Irish, Irish Gaelic or simply just Gaelic, is a Goidelic language spoken on the island of Ireland by about 70,000 daily speakers, of which about 20,000 live in areas, known as Gaeltachtaí (singular; Gaeltacht), where Irish is officially recognised as the language of a significant plurality of inhabitants (officially 25% but some areas, such as the Iveragh peninsula, or "Uíbh Ráthaigh" in Irish, can drop to figures as low as 9% native speakers).
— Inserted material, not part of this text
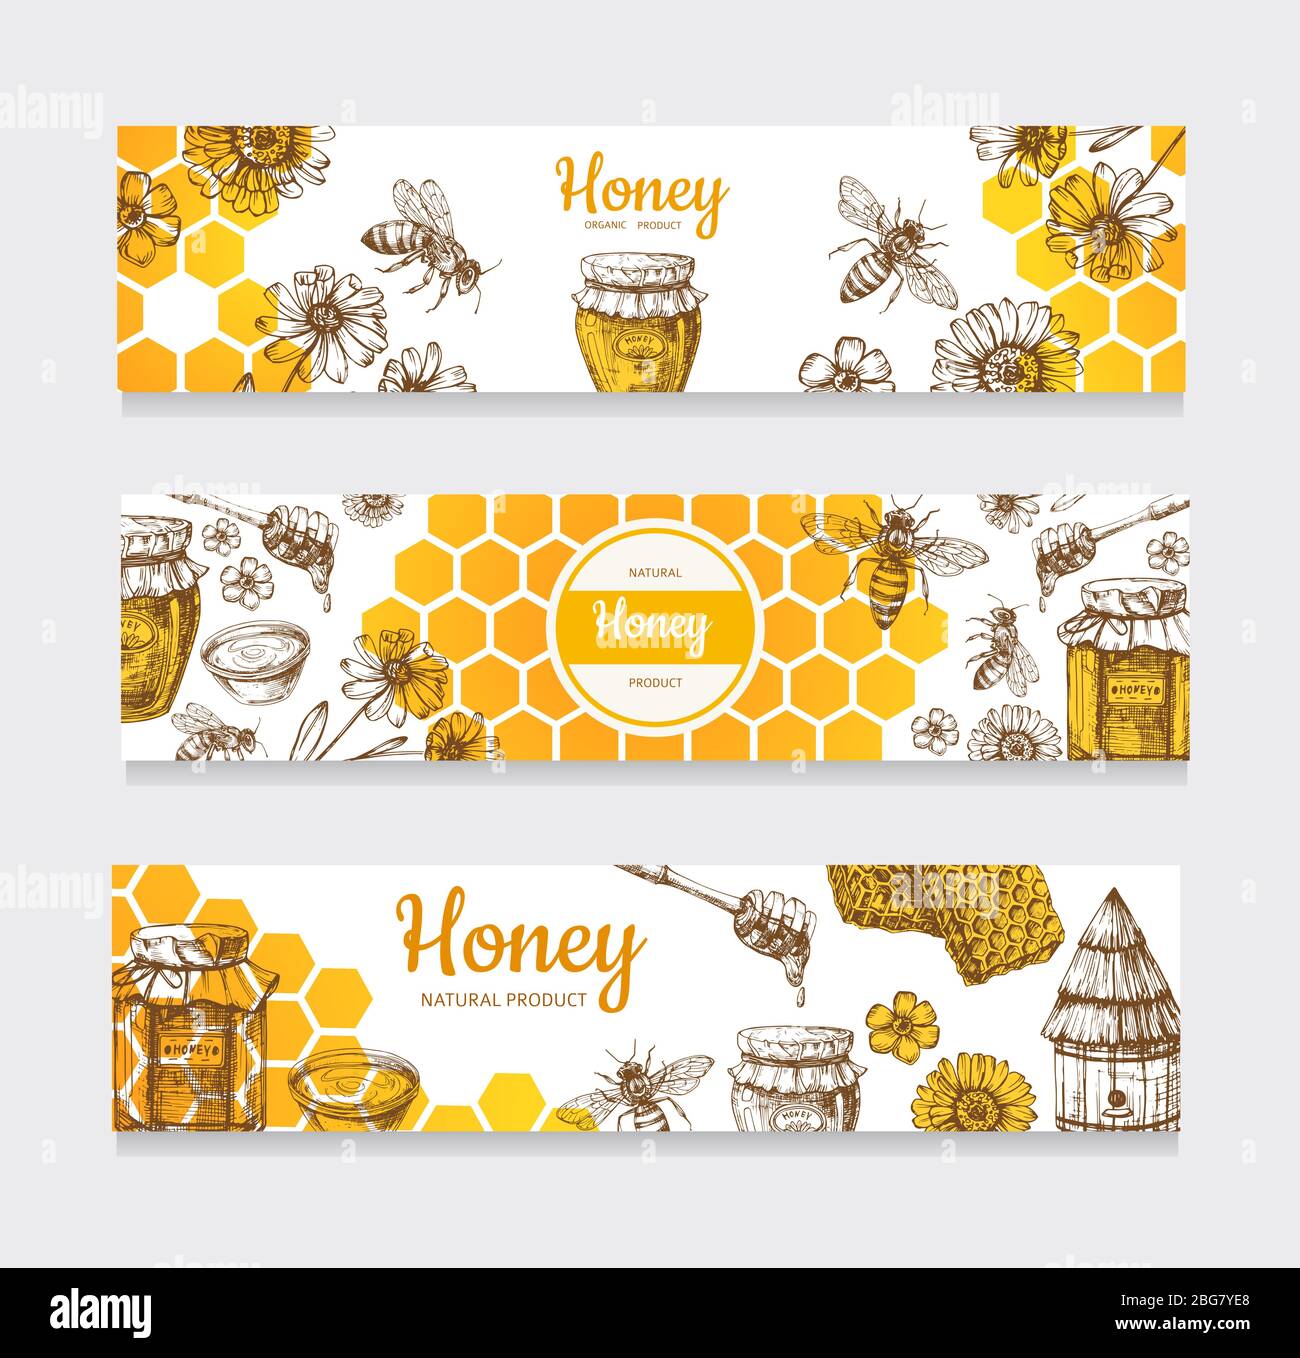 Honey Banner. Vintage Hand gezeichnete Bienen und Honigblüten, Waben und Bienenstock Vektor-Etiketten. Illustration von gesunden Lebensmitteln, natürliche süße Hone Web Poster Illustration Stock Vektor

The Irish language consists more broadly of 3 dialect groupings, northern (Ulster), central (Connacht-Leinster) and southern (Munster), for the most part these dialects share very similar grammatical structures with minor vocabulary differences, however, where they differ the most is matters of pronunciation. the same word can also be pronounced wildly differently between dialect groups to the point where spoken intelligibility can be quite difficult and frustrating, even for native speakers although with time you can learn to understand and parse differences in speech between dialects. Irish is also a mandatory subject until the leaving-cert in Ireland, however most students in this system do not attain any appreciable understanding of or ability in the language.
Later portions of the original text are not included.